Cette adresse n'était pas une faute de frappe et pas une astuce de redirection. C'était un domain hack — un nom de domaine dans lequel l'extension elle-même complète le mot. Wikipedia définit précisément la forme : un domain hack est un nom de domaine qui suggère un mot, une phrase ou un nom lorsqu'on concatène deux niveaux adjacents ou plus de ce domaine, et il cite celui d'Instagram comme un cas d'école : instagr.am utilise le ccTLD .am (Arménie) pour épeler le nom du service de partage de photos « Instagram ».

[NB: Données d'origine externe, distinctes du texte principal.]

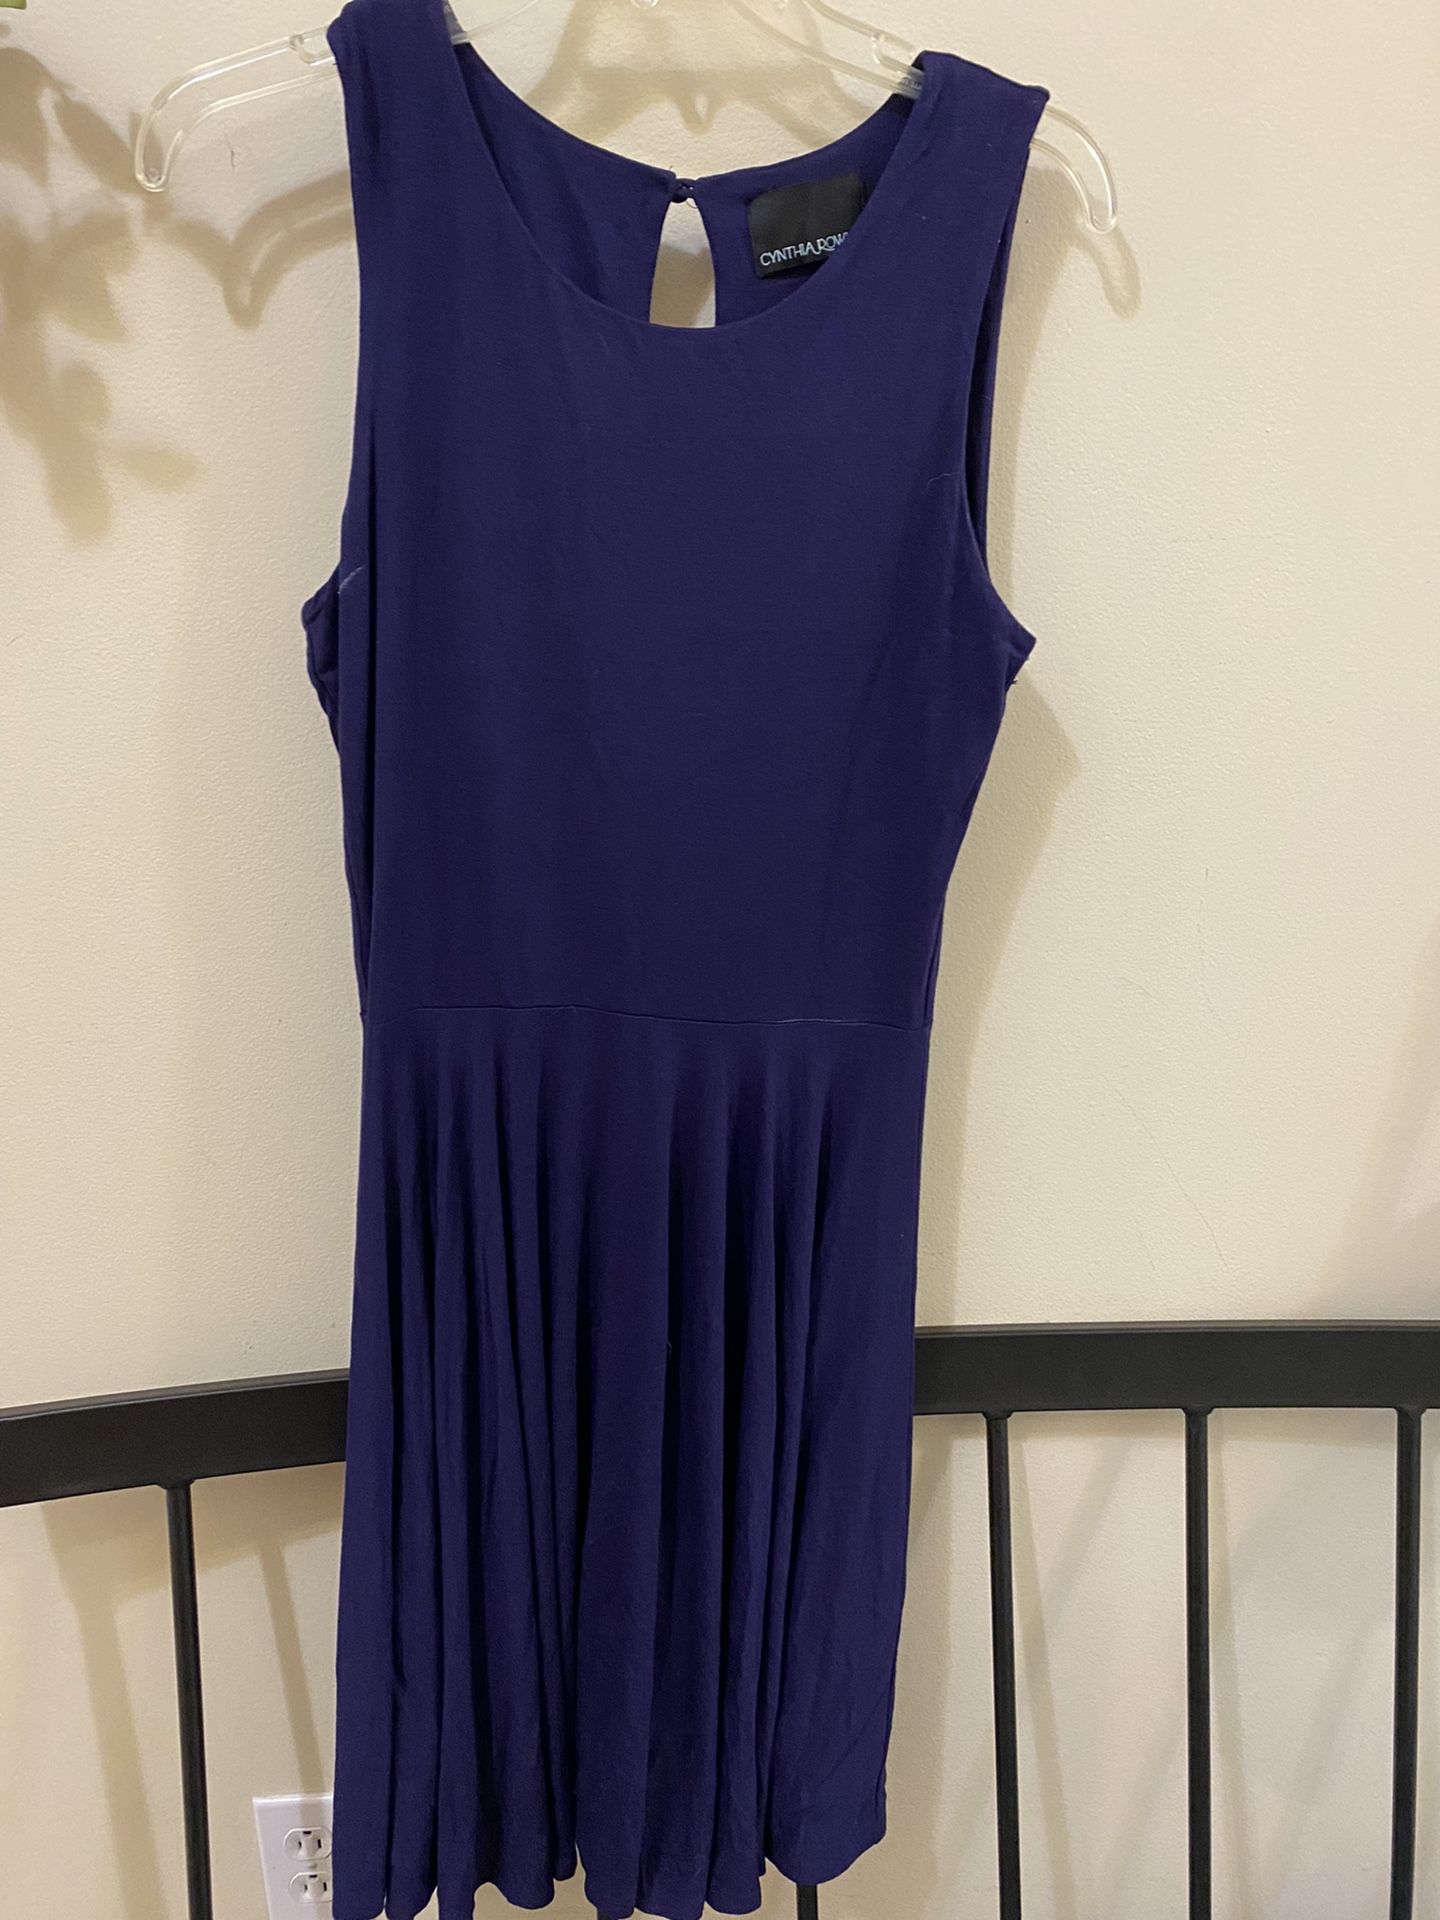 Cynthia Rowley Cotton stretch sundress-Aline design-Size Medium

Relisez cela. Pour épeler son propre nom de marque, une application photo de San Francisco a emprunté le domaine de premier niveau géographique de l'Arménie, un pays situé à environ 11 000 kilomètres. Le « am » d'Instagram vivait, techniquement, à Erevan.
Pour une toute petite startup se lançant dans un App Store très concurrencé, le hack était un cadeau. Il était court, il était exact, il se lisait comme un seul mot, et — point crucial — il était disponible quand l'adresse évidente, Instagram.com, ne l'était pas.
Mais une extension de pays empruntée, c'est une fondation empruntée. Quelques mois après le lancement, Instagram est discrètement allée acheter la vraie chose. La société a pris la décision de payer 100 000 $ pour le domaine en janvier 2011, en se consolidant sur Instagram.com avant que la majorité du monde n'ait même entendu ce nom.
Voici l'histoire du domain de lancement le plus ingénieux de l'histoire des startups — et pourquoi la société qui l'avait créé ne l'a pas gardé.
Octobre 2010 : le lancement qui s'est effondré sous son propre succès
Instagram est né d'un pivot. Kevin Systrom et Mike Krieger construisaient une application de check-in basée sur la localisation appelée Burbn ; quand ils l'ont réduite aux photos, aux filtres et au partage, l'application moderne a émergé. Selon Wikipedia, Instagram a été lancé sur iOS en octobre 2010 par Kevin Systrom et l'ingénieur logiciel brésilien Mike Krieger. Le dossier OMPI d'un litige de domaine ultérieur fixe la date exacte : Instagram a été lancé le 6 octobre 2010.
L'accueil a été immédiat et écrasant. La chronologie de Wikipedia indique que plus de 25 000 utilisateurs se sont inscrits le jour du lancement, et plus de 100 000 en quelques jours seulement. L'historique d'Entrepreneur note que Systrom et Krieger ont lancé avec seulement 80 utilisateurs initiaux la veille — et en quelques heures le site s'est planté plusieurs fois sous le trafic. La croissance ne s'est pas arrêtée : Instagram a continué en atteignant 1 million d'utilisateurs inscrits en deux mois, 10 millions en un an, et la refonte de septembre 2011 a ajouté de nouveaux filtres en direct qui ont cimenté l'esthétique.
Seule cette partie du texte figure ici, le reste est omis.